Sid Meier's Alpha Centauri
Welcome folks, to my humble thread. It is not often I post stuff in the forums, and even less often I create whole new threads, but I do think that this game deserves it.
My idea was to create a thread about this great game, to raise some interest around it, to make old players remember it and new ones be amazed with this jewel of gaming.
First, let's leave the introductions to wikipedia, where they have summed it up beautifully (spoilered, it's a bit long):
Sid Meier's Alpha Centauri (SMAC) is the critically acclaimed science fiction 4X turn-based strategy video game sequel to the Civilization series. Sid Meier, designer of Civilization, and Brian Reynolds, designer of Civilization II, developed Alpha Centauri after they left MicroProse to join the newly-created developer Firaxis Games.
Electronic Arts released both SMAC and its expansion, Sid Meier's Alien Crossfire (SMAX), in 1999. In 2000, Aspyr Media and Loki Software ported both titles over to Mac OS and Linux.
Set in the 22nd century, the game begins as seven competing ideological factions land on the planet Chiron ("Planet") in the Alpha Centauri star system. As the game progresses, Planet's growing sentience becomes a formidable obstacle to the human colonists.

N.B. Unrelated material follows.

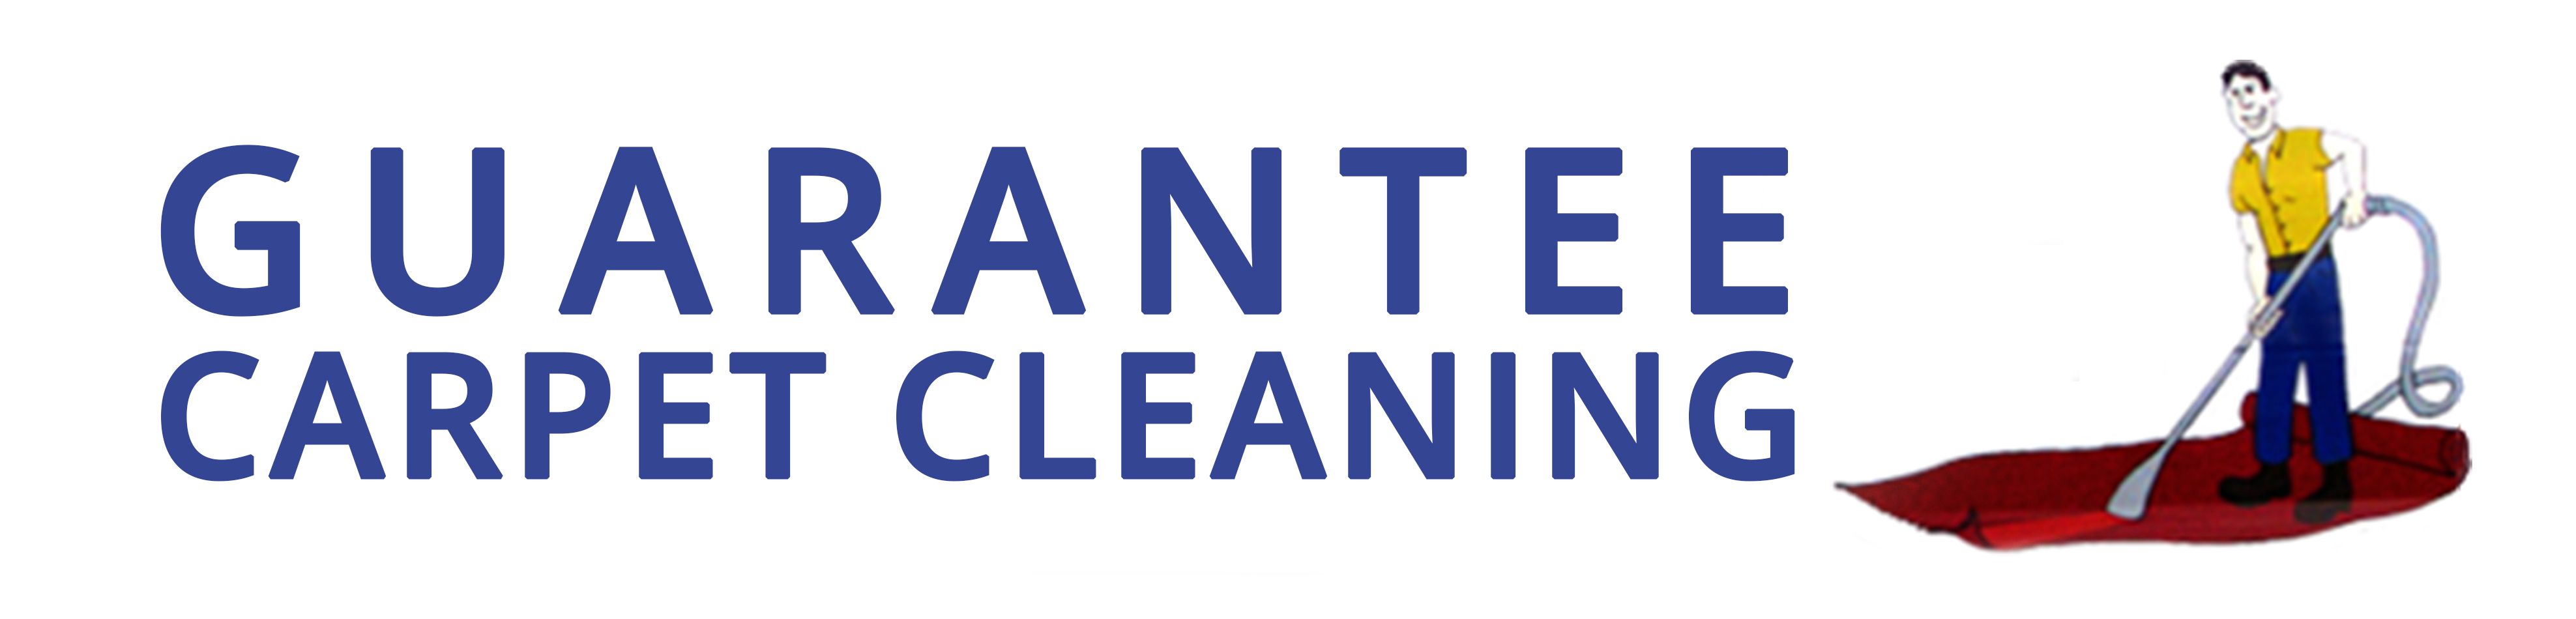 Guarantee Carpet Cleaning

Alpha Centauri features improvements on Civilization II's game engine, including simultaneous multiplay, social engineering, climate, customizable units, alien native life, additional diplomatic and spy options, additional ways to win, and greater mod-ability . Alien Crossfire introduces two non-human factions as well as additional technologies, facilities, secret projects, native life, unit abilities and a victory condition.
The game received wide critical acclaim, being compared favorably to Civilization II. Critics praised its science fiction storyline (comparing the plot to works by Stanley Kubrick and Isaac Asimov), the in-game writing, the voice acting, the user-created custom units, and the depth of the technology tree. SMAC also won several awards for best game of the year and best strategy game of the year.
However, despite the critical acclaim, the game had the lowest sales of the Civilization series.
Clear enough?
Now, we should talk about the Factions, one of the most important features of the game; humans in the game are not divided by their nationality, but rather by their ideology. The whole plot revolves around this point.
-
The Spartan Federation, led by Coronel Corazon Santiago. A pure militaristic survivalist, she fights for the right to bear arms, and strongly suspects of factions that amass wealth or pure researchers.
-
The University of Planet, led by Academician Prokhor Zakharov, a technocratic faction that values knowledge above everything else, sometimes even moral impediments.
-
Gaia's Stepdaughters, led by Lady Deirdre Skye; they abhor ecological destruction and want to live in tune with Planet (with a capital "P", yes).
-
Morgan Industries, led by CEO Nwabudike Morgan. A corporate capitalistic faction, energy credits are everything for them.
-
The Human Hive, led by Chairman Sheng-Ji Yang. A totalitarian faction, founded on the principles of security and control.
-
The Lord's Believers, led by Sister Miriam Godwinson. A fundamentalist faction wary of secular technology, they firmly believe Planet to be their "Promised Land".
-
The Peacekeeping Forces, led by Commissioner Pravin Lal; this faction works hard to keep the peace through diplomacy and following the UN charter.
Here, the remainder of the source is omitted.